Ne yapacağımı bilmediğim için şaşkın şaşkın ona bakarken vücudunun titrediğini ve çenesinin kasıldığını yeni yeni fark ediyordum. İyi değildi. Bunu anlamak içinse kelimelere gerek yoktu. Başından tutarak koltuğa uzanmasını sağladım ilk önce. Chris yüzünden aynı şeyleri yaşarken onun beni nasıl günümüze çektiğini hatırlamıyordum. Ama benim yapabildiğim tek şey ona seslenmek olmuştu.

"Czar? Sorun yok. Hepsi geçti. Sorun yok beni duyuyor musun?"

Kafamın içindeki ses tabii ki de seni duymuyor, aptal! diye söylenip duruyordu. O senin için her şeyi yaptı. Lanetli olmana rağmen seni o zindandan çıkarmayı başardı. Sense hala aptal yöntemlerinle ona seslenip duruyorsun.

Derin bir nefesle bunları duymazdan gelmeyi denedim. Kontrolü ona teslim etmek için berbat bir zamandı. Delirmek için daha iyi bir zaman bulabileceğime emindim. Ona odaklandığımda Czar gibi cüsseli birisini ikimizin zar zor oturduğu koltuğa uzanmaya zorlamanın ne kadar saçma ve salakça olduğunu kavramış oldum. Çünkü bacakları dışarıda kalsa bile vücudu oraya ait değildi. Onunla biblo gibi oynarcasına tekrar oturur hale gelmesini sağladım. Ve tek kolunu omzuma atarak ikimizi ayağa kaldırdım. Normale göre daha ağır baygın birisine göre daha hafif olmalıydı ancak bana göre ise oldukça zorlayıcı bir cüssesi vardı. Eğer yoğun egzersiz yapan birisi olmasaydım onun kolunun altında ezilebilirdim.

Her şeye rağmen onu güçlükle yatağına yatırdığımda gözlerini daha fazla kapatarak acı ile inledi. Kapanan gözleri arasında oraya ait olduğuna emin olamadığım parlaklığı gördüğümde ona biraz daha yaklaşıp görüntüyü netleştirdim. Bu parlaklık bir göz yaşının eseriydi. Anlattığı hikayenin acısı ile bir hıçkırık çıktı boğazının gerisinden yatakta yan dönerek ağlamaya başladı. Omuzlarından tutarak onu çevirdim.

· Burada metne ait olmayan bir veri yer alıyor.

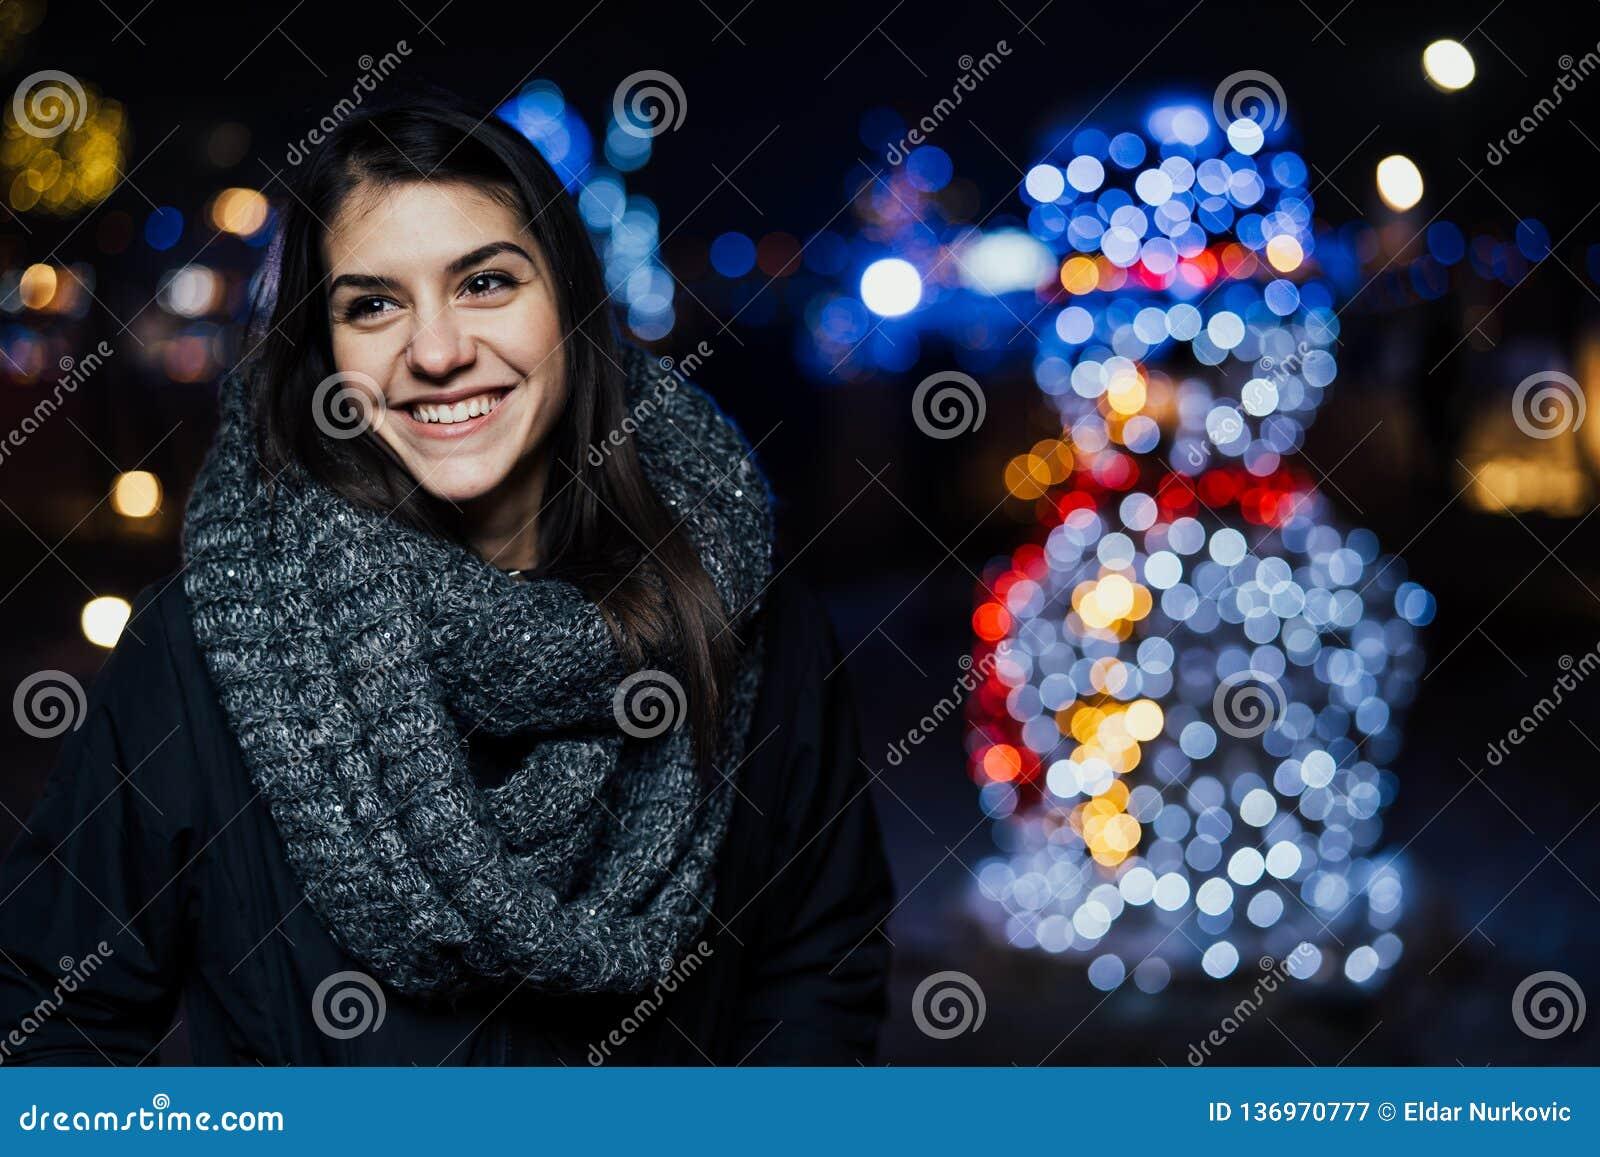 Night portrait of a beautiful brunette woman smiling enjoying winter in park.Winter joy.Winter holidays.Positive emotions.

Onu bir şekilde geri getirmek zorundaydım.

Sadece... sadece biraz zamana ihtiyacım vardı. Ve yine bastırılmış o sesi duydum. Bu sanki Nale'nin sesiydi. Bana ne kadar işe yaramaz olduğumu fısıldıyordu. Onu kurtaramayacaksın. Bunun sorumlusu sensin, diğer her şey gibi bunu da mahvettin. Onu duymamak için bu sefer kafamı iki yana hızla salladım. Sanki bütün bu ses orada olup bitmiyormuş gibi... Titreyen parmaklarımı parlamaya devam edip dikkatimi iyice dağıtan göz yaşlarına ilerlettim. Czar ağlamazdı. Hem bir daha ağlamayacağını kendisi söylemişti. Czar'dı o. Birinciydi, güçlüydü, dışarıdan sert görünse bile iyi kalpliydi. Hatta mükemmele en yakın kişiydi.